[BRIEF] Take the material below and extract the lines from the one with "6. Stock Photo" through the one with "Glimpse of Savona, Italy, is", word for word, without pictures.

[DATA EXTRACTS]
========
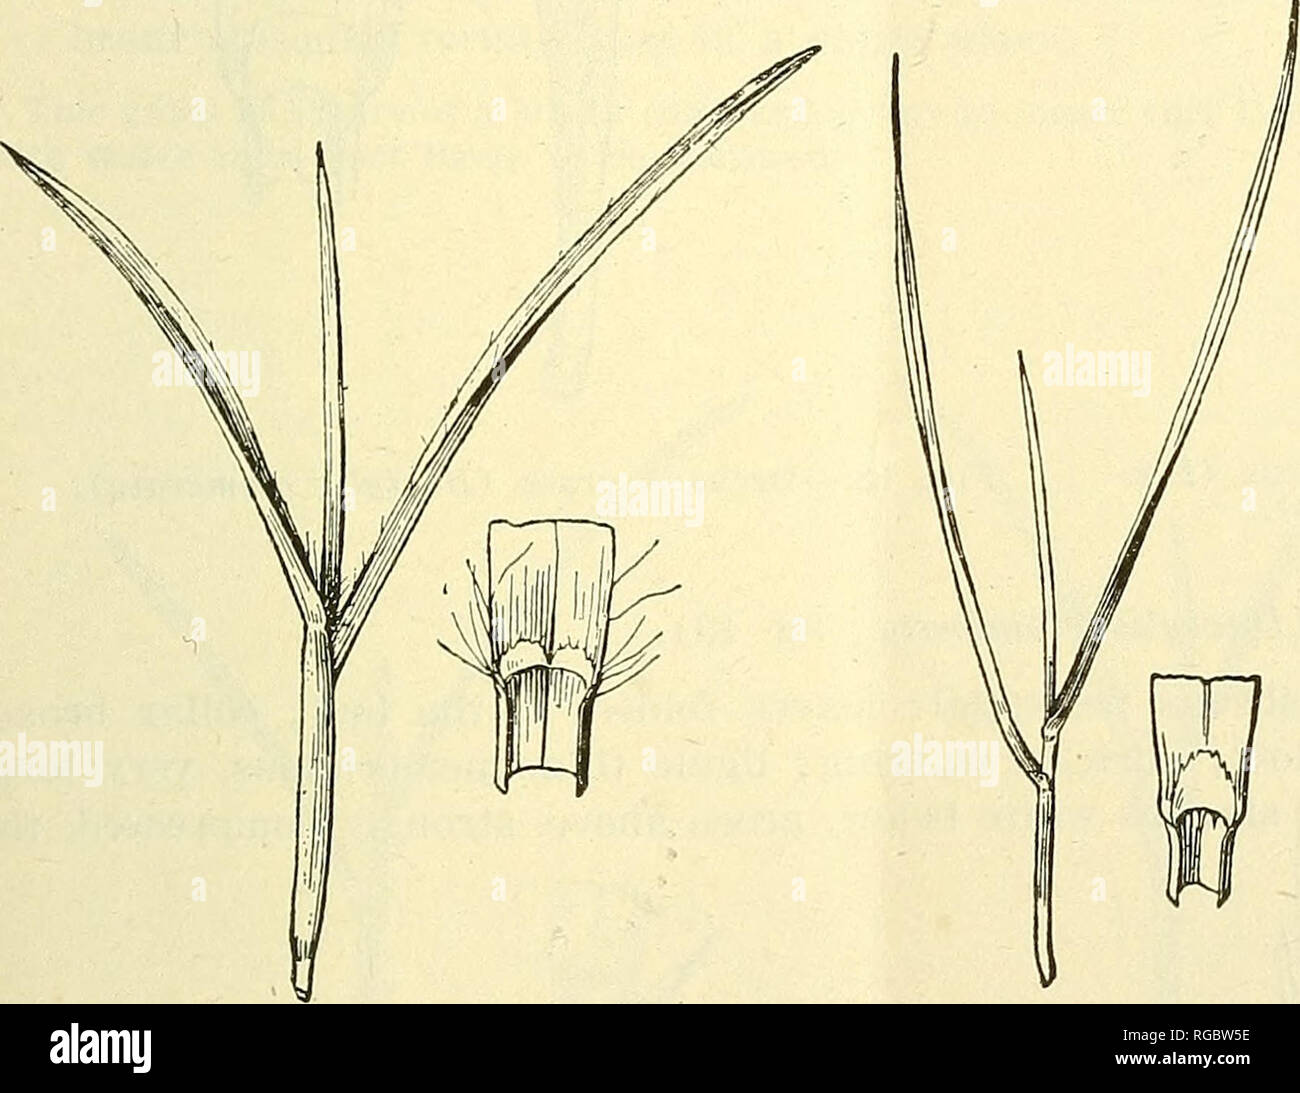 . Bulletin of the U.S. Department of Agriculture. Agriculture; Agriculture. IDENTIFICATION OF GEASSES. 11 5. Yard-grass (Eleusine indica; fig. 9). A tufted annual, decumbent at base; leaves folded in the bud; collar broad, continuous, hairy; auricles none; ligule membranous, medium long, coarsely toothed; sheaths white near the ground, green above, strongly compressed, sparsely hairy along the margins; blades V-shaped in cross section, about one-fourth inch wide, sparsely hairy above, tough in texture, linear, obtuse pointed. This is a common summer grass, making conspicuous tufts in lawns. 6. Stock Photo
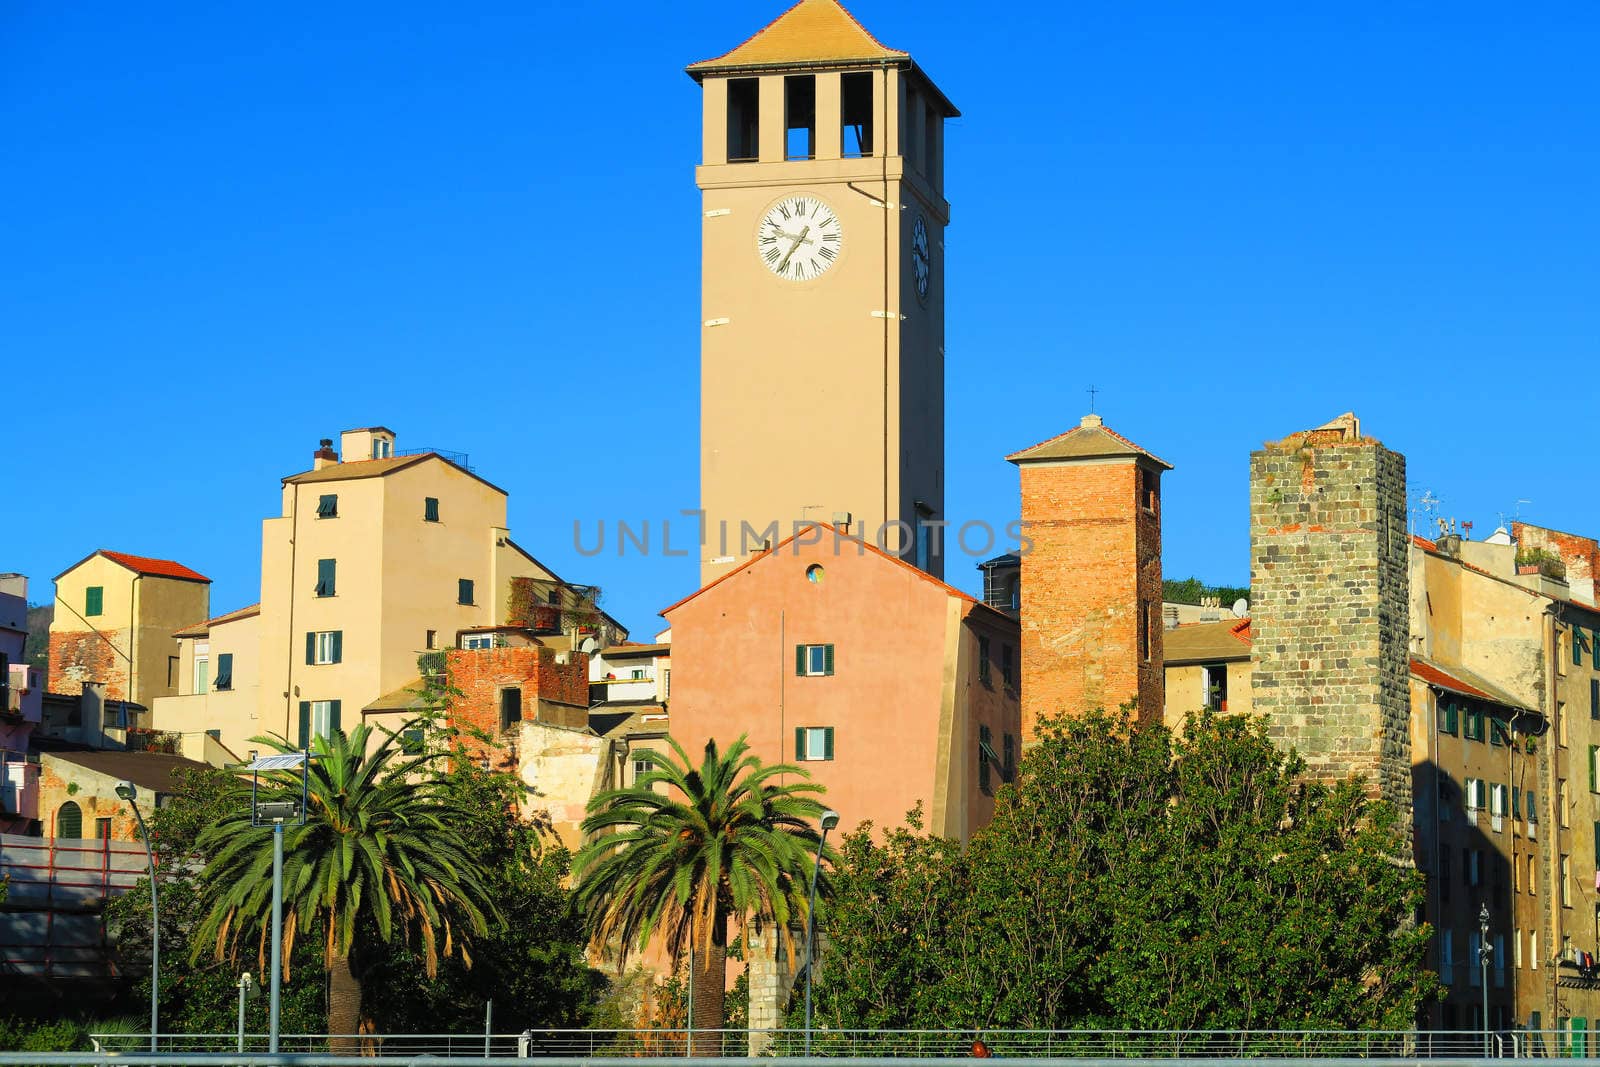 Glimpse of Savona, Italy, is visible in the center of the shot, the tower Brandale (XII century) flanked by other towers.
========
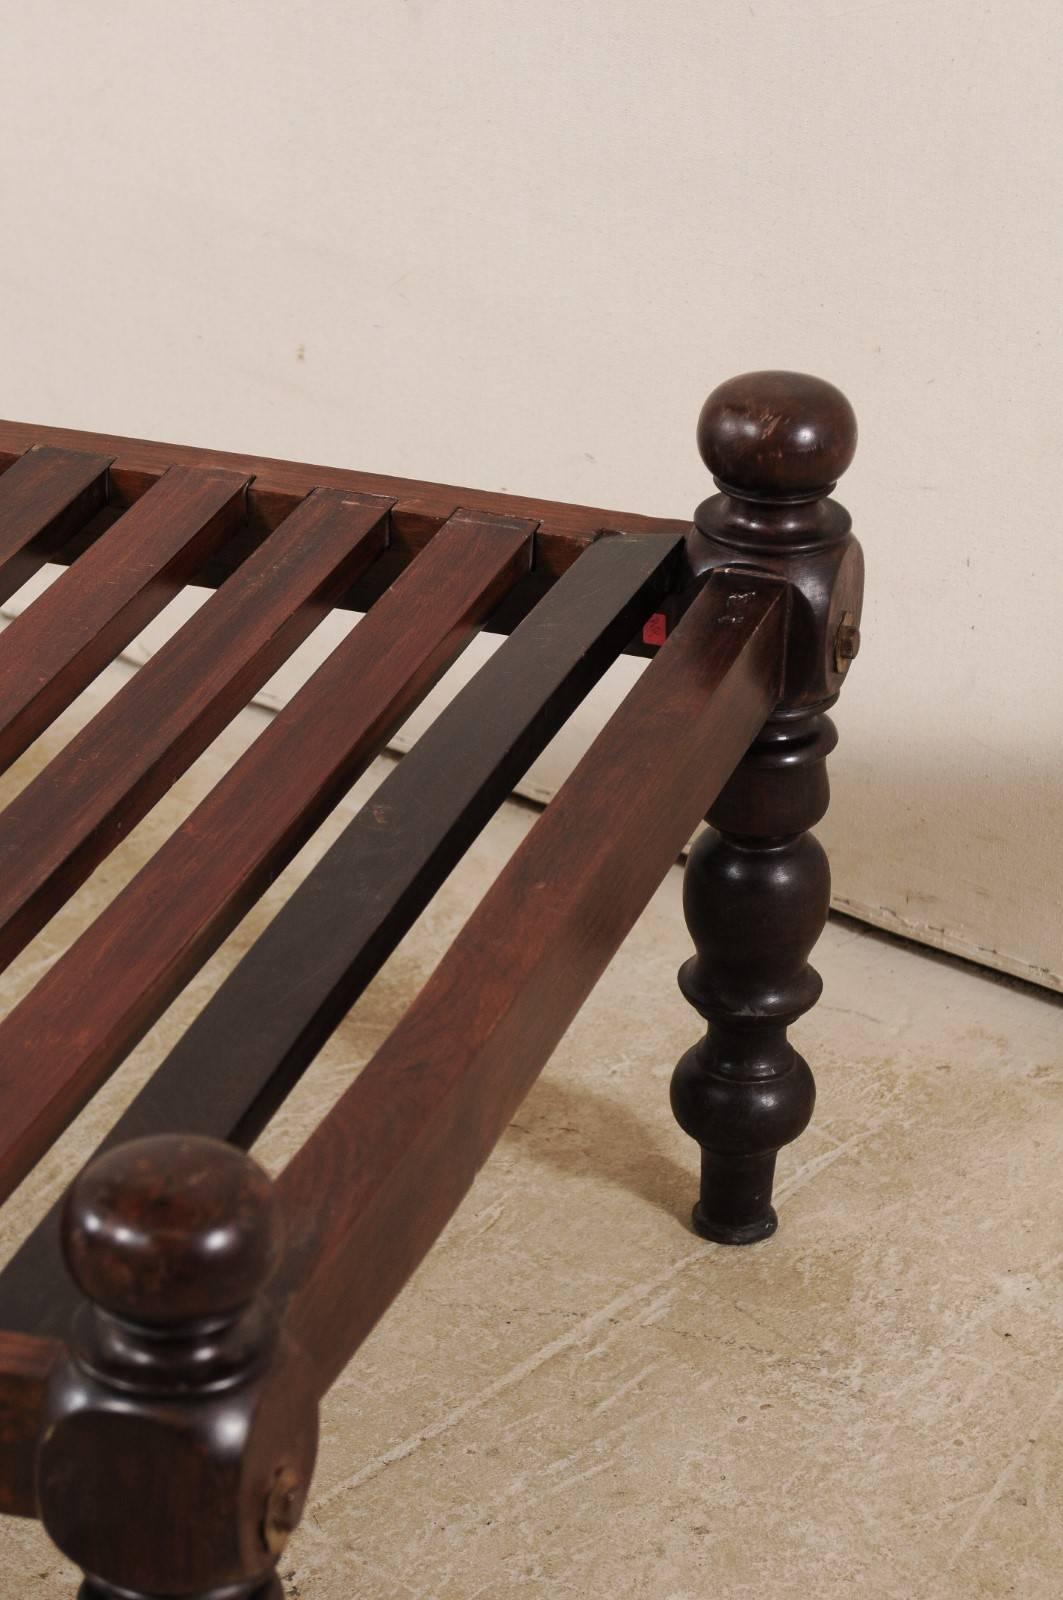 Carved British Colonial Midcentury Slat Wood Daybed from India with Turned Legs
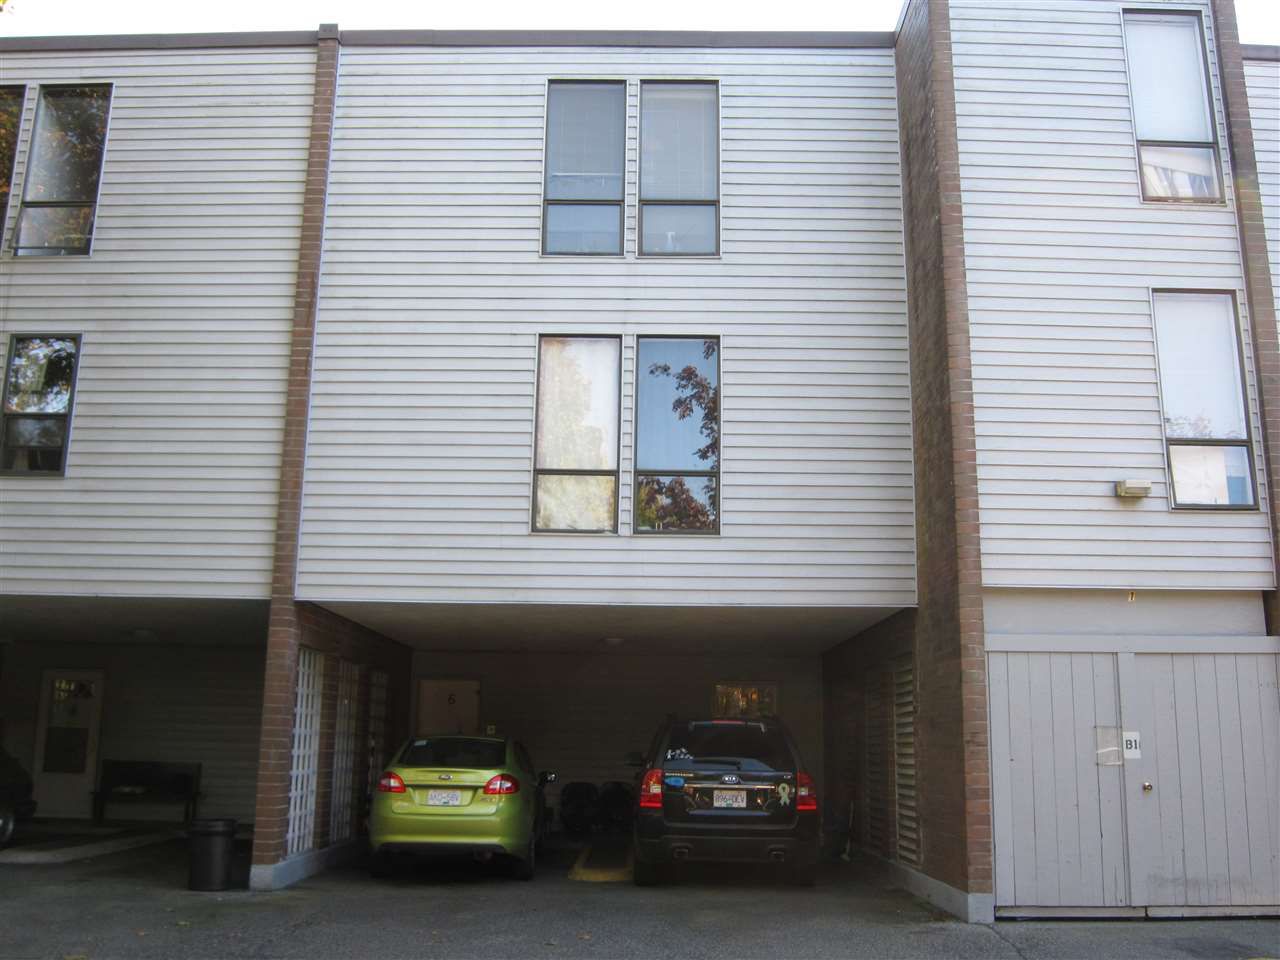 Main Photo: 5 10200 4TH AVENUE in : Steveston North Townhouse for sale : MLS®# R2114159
========
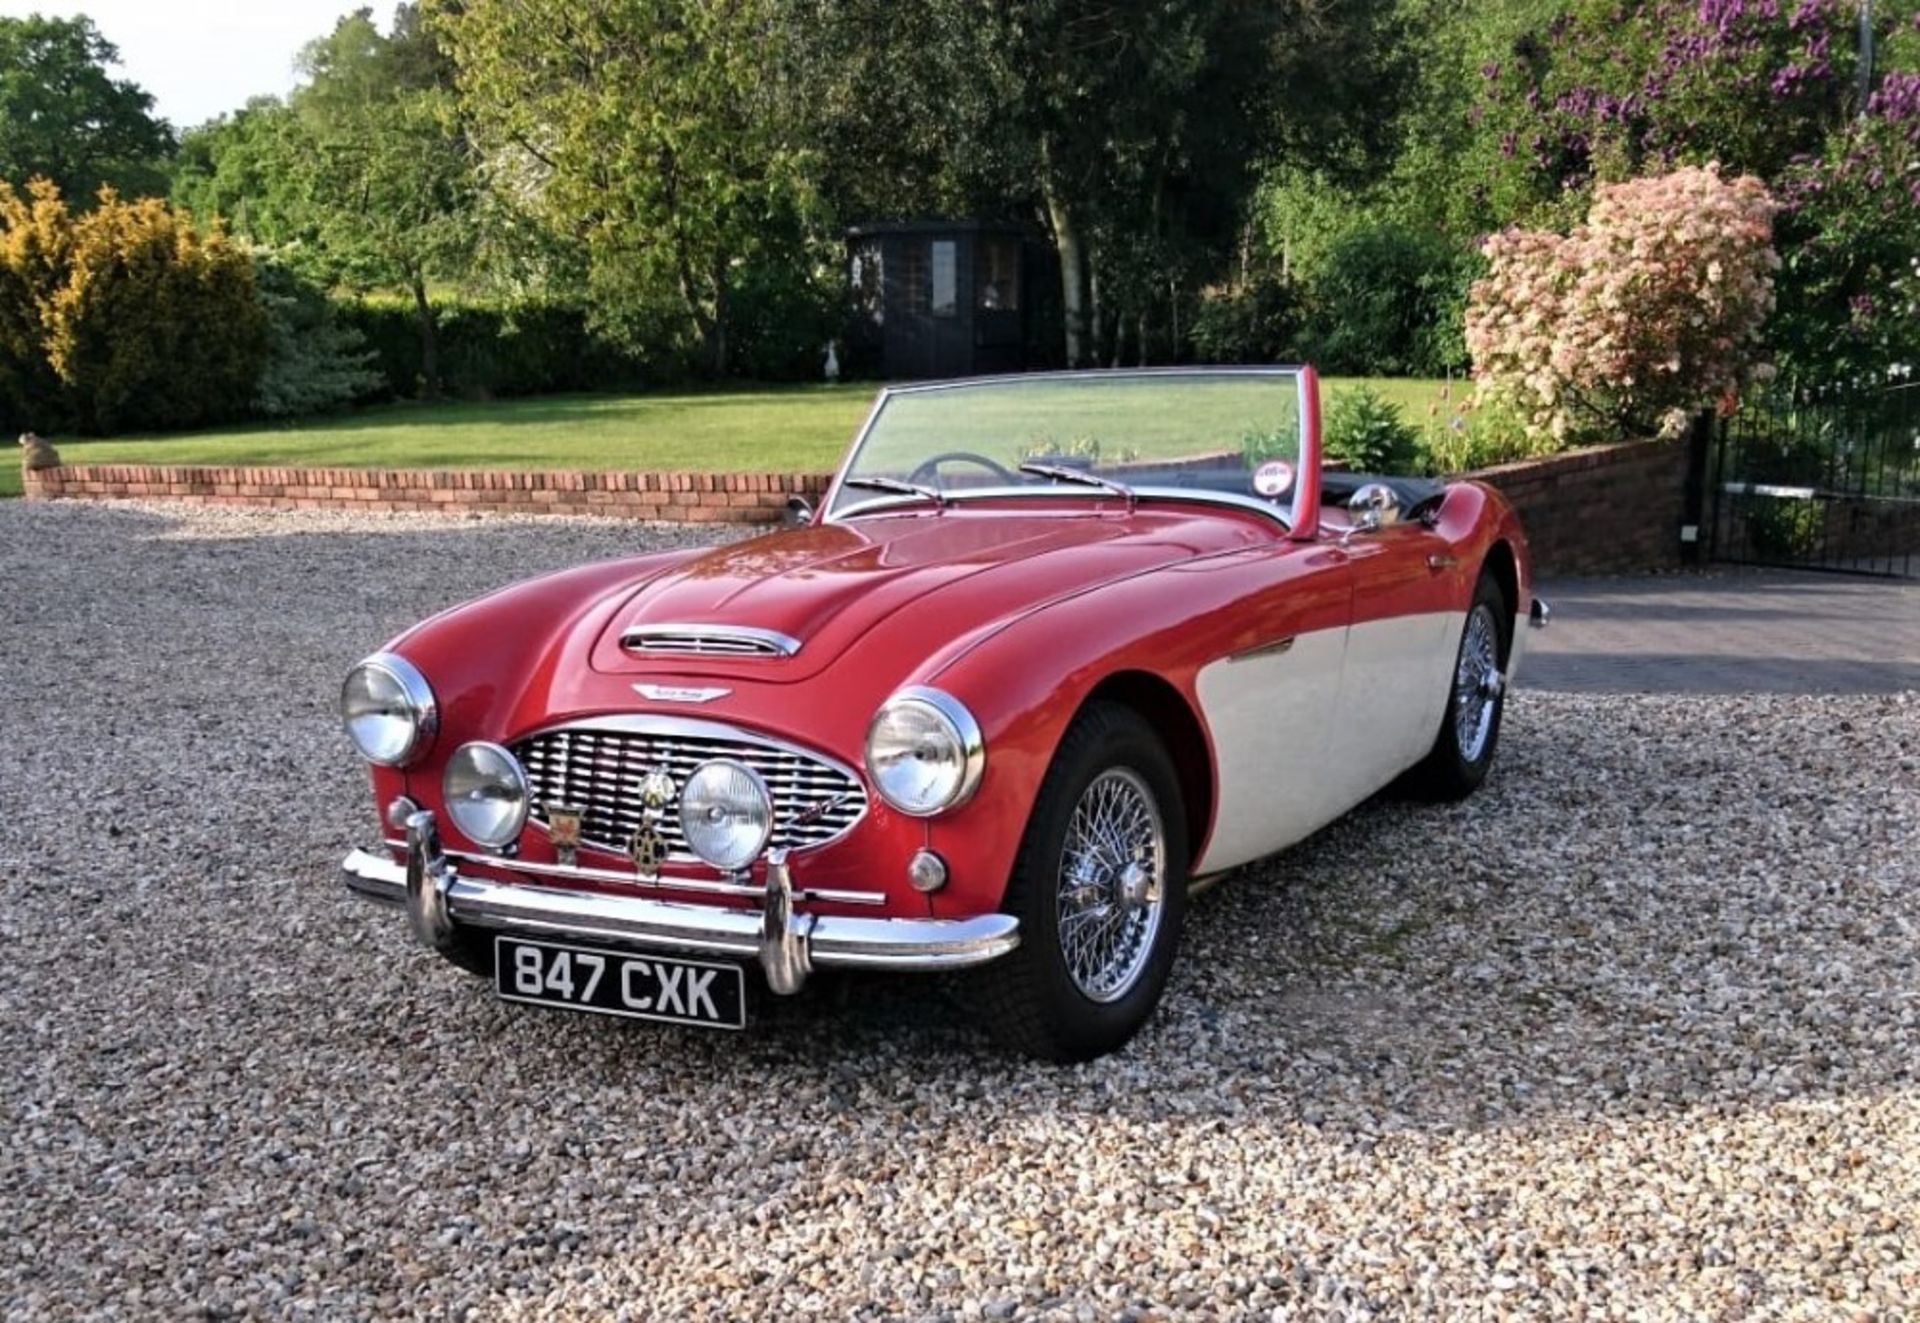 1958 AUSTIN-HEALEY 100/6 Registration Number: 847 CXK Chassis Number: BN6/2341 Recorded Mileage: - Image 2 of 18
========
[RESULT OF THIS TASK]
 . Bulletin of the U.S. Department of Agriculture. Agriculture; Agriculture. IDENTIFICATION OF GEASSES. 11 5. Yard-grass (Eleusine indica; fig. 9). A tufted annual, decumbent at base; leaves folded in the bud; collar broad, continuous, hairy; auricles none; ligule membranous, medium long, coarsely toothed; sheaths white near the ground, green above, strongly compressed, sparsely hairy along the margins; blades V-shaped in cross section, about one-fourth inch wide, sparsely hairy above, tough in texture, linear, obtuse pointed. This is a common summer grass, making conspicuous tufts in lawns. 6. Stock Photo
 Glimpse of Savona, Italy, is visible in the center of the shot, the tower Brandale (XII century) flanked by other towers.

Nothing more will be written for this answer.